**Requirement**
Aside from the pictures, copy the listing exactly.

**Exercise data**
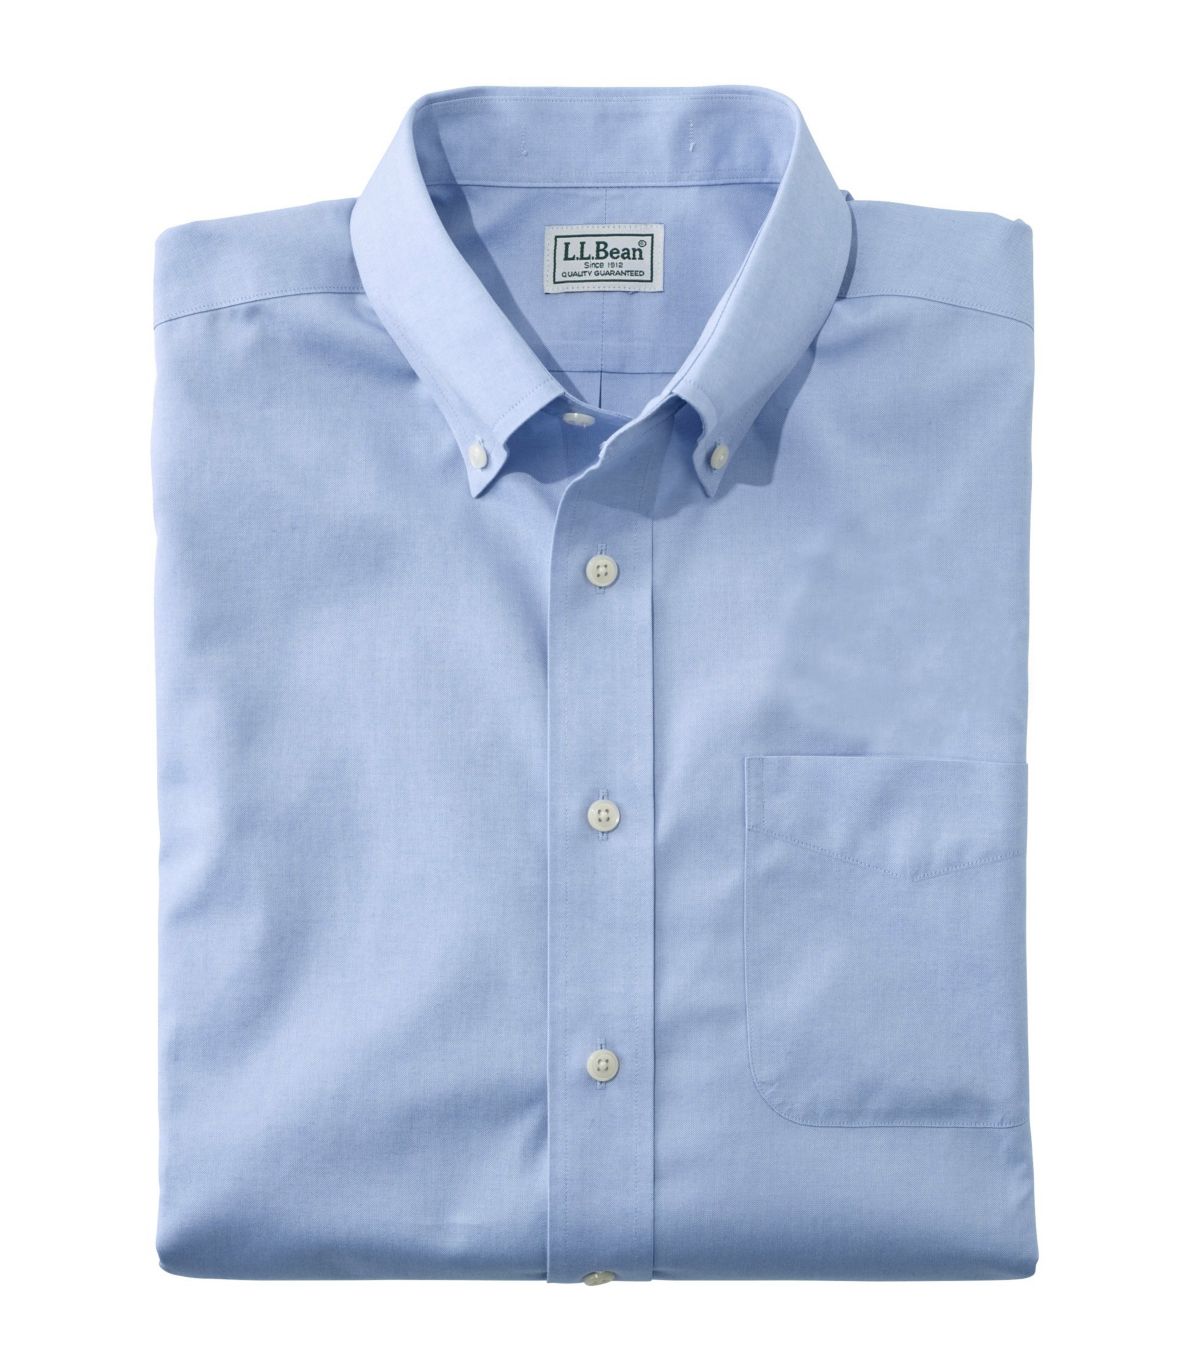 Wrinkle-Free Pinpoint Oxford Shirt
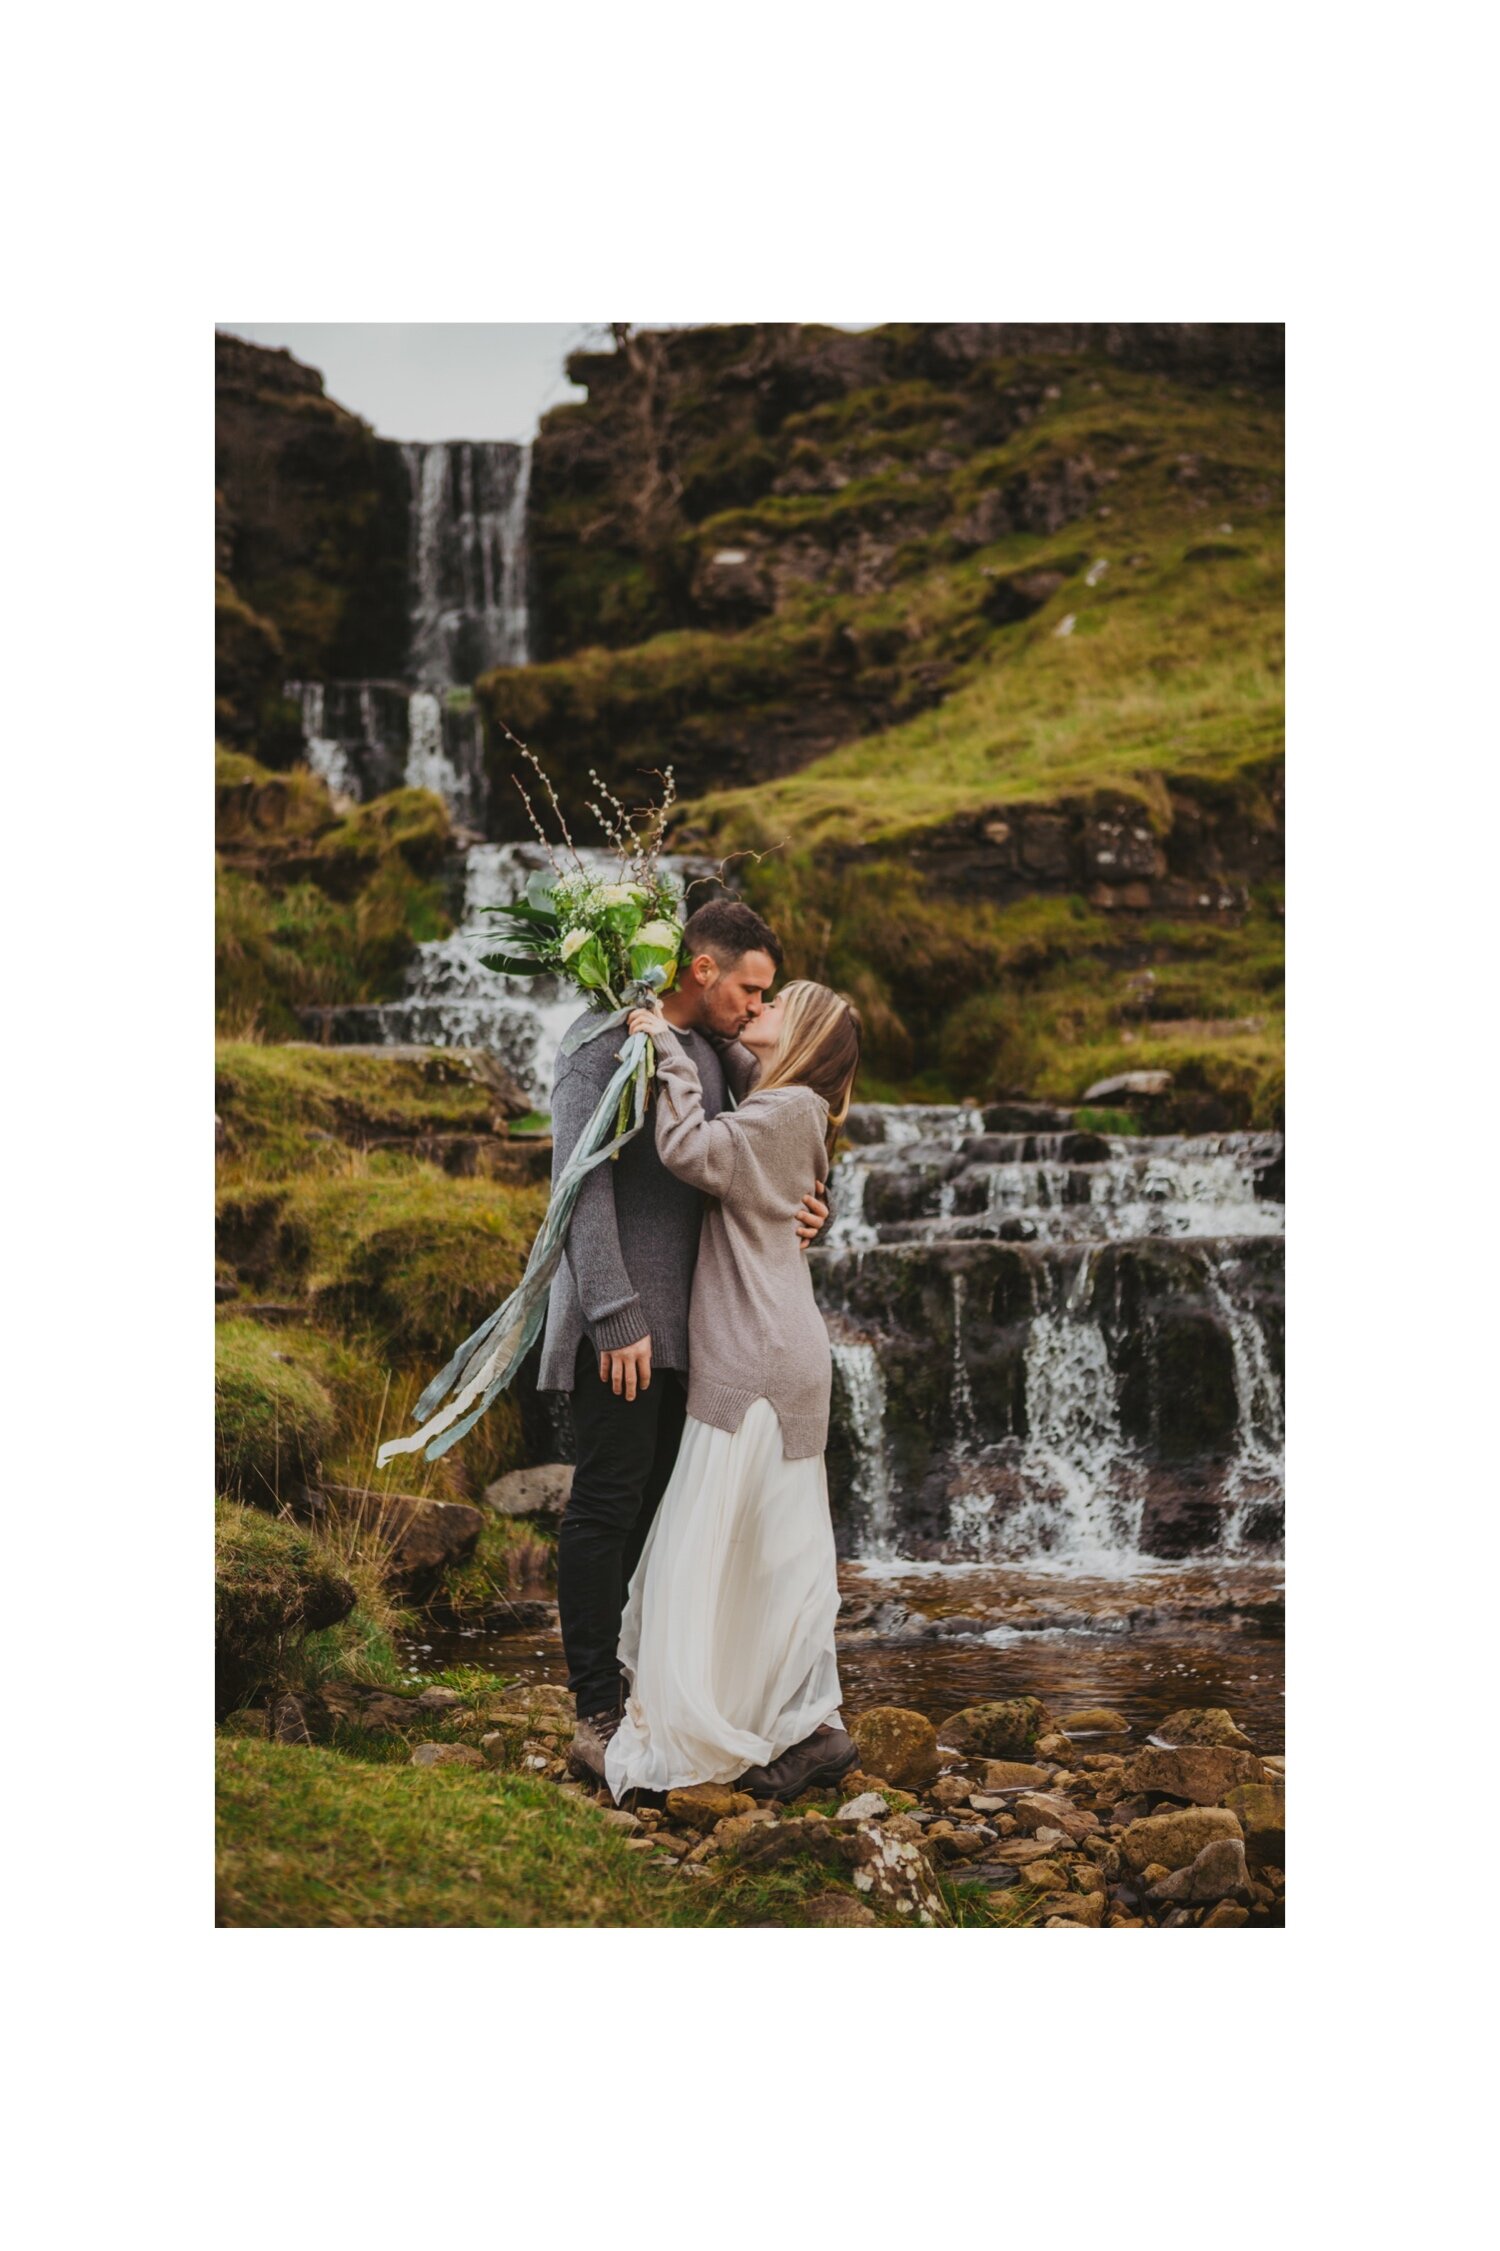 32_TWS-105__grey_dramatic_landscape_alternative_elope_alt_rock_blue_waterfall_winter_flowers_offbeat_dales_waterfalls_autumn_elopement_photography_ribbons_moody_bride_silver_wedding_yorkshire_rainy_cloudy_cosy_weather_photographer_florals_groom.jpg
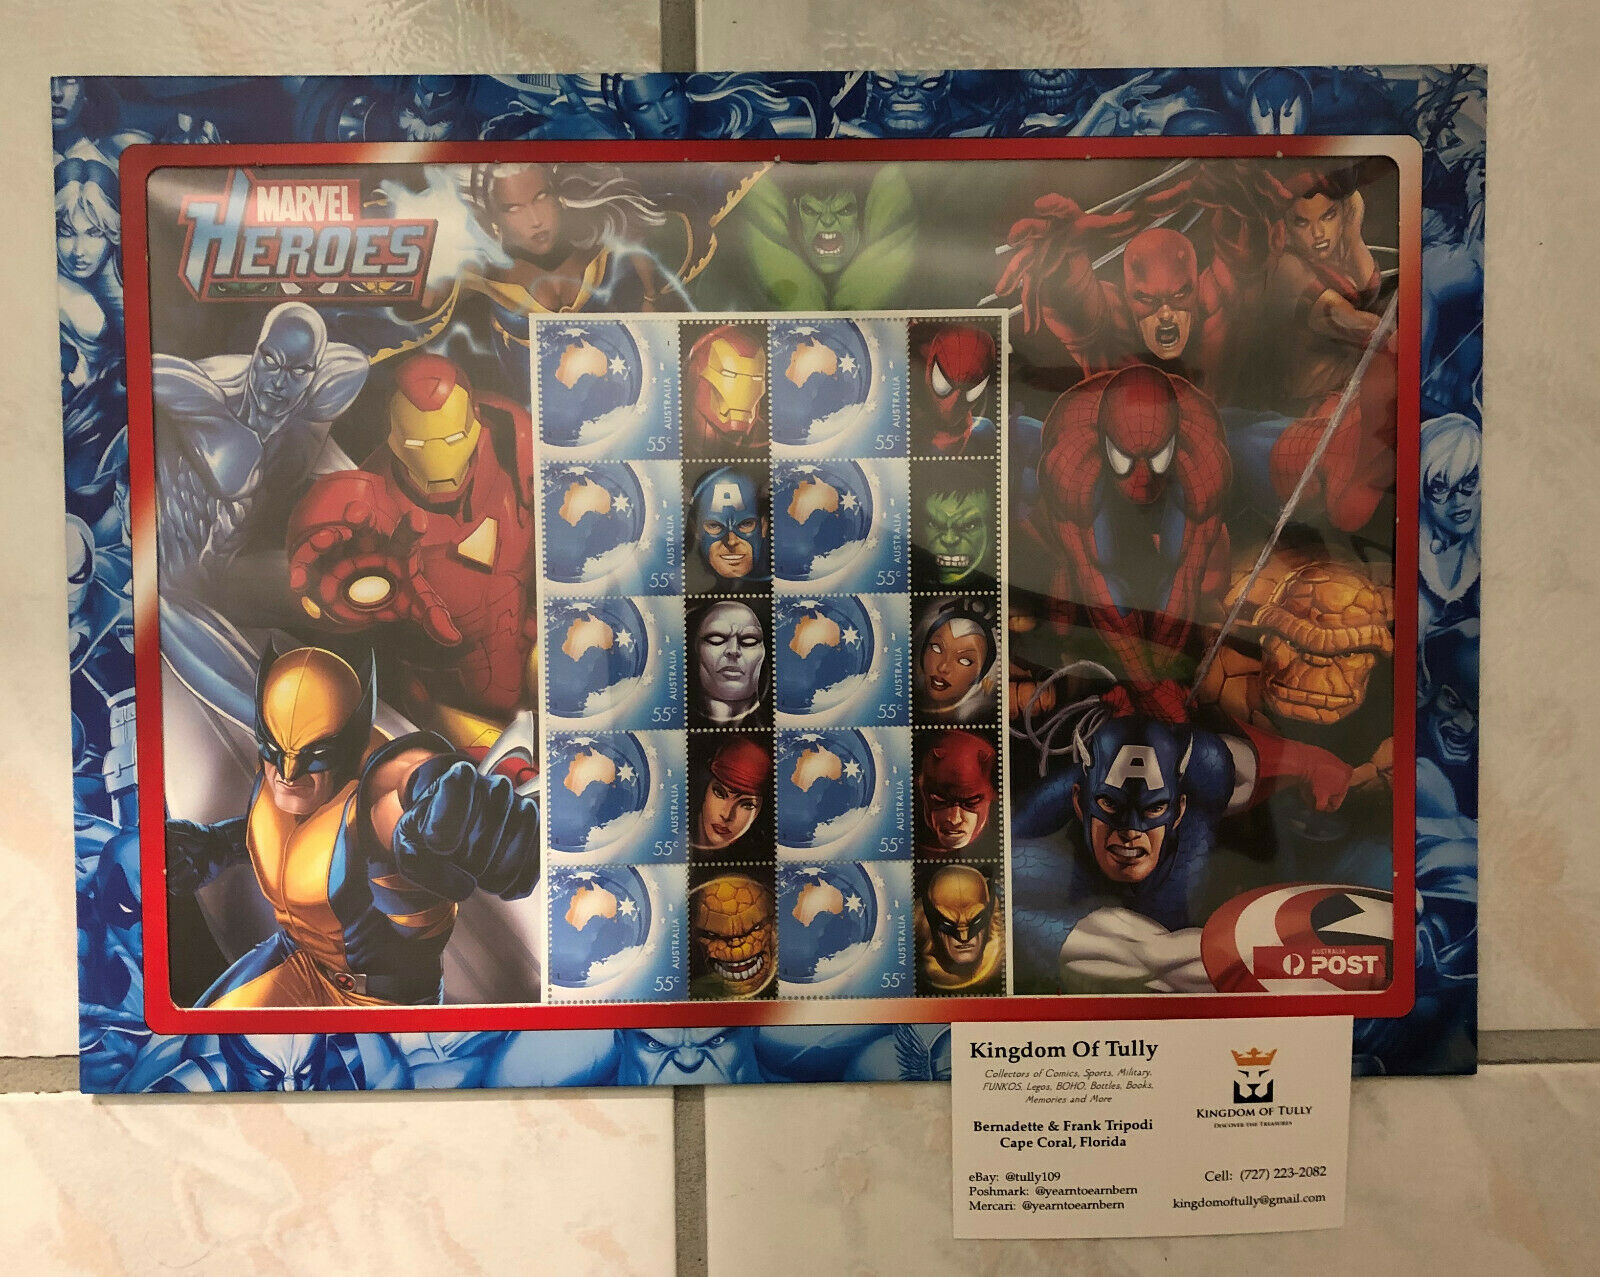 Marvel Heroes Special Events Sheetlet Brand New Still In Packet. Mint

**Written answer**
 Wrinkle-Free Pinpoint Oxford Shirt
 32_TWS-105__grey_dramatic_landscape_alternative_elope_alt_rock_blue_waterfall_winter_flowers_offbeat_dales_waterfalls_autumn_elopement_photography_ribbons_moody_bride_silver_wedding_yorkshire_rainy_cloudy_cosy_weather_photographer_florals_groom.jpg
 Marvel Heroes Special Events Sheetlet Brand New Still In Packet. Mint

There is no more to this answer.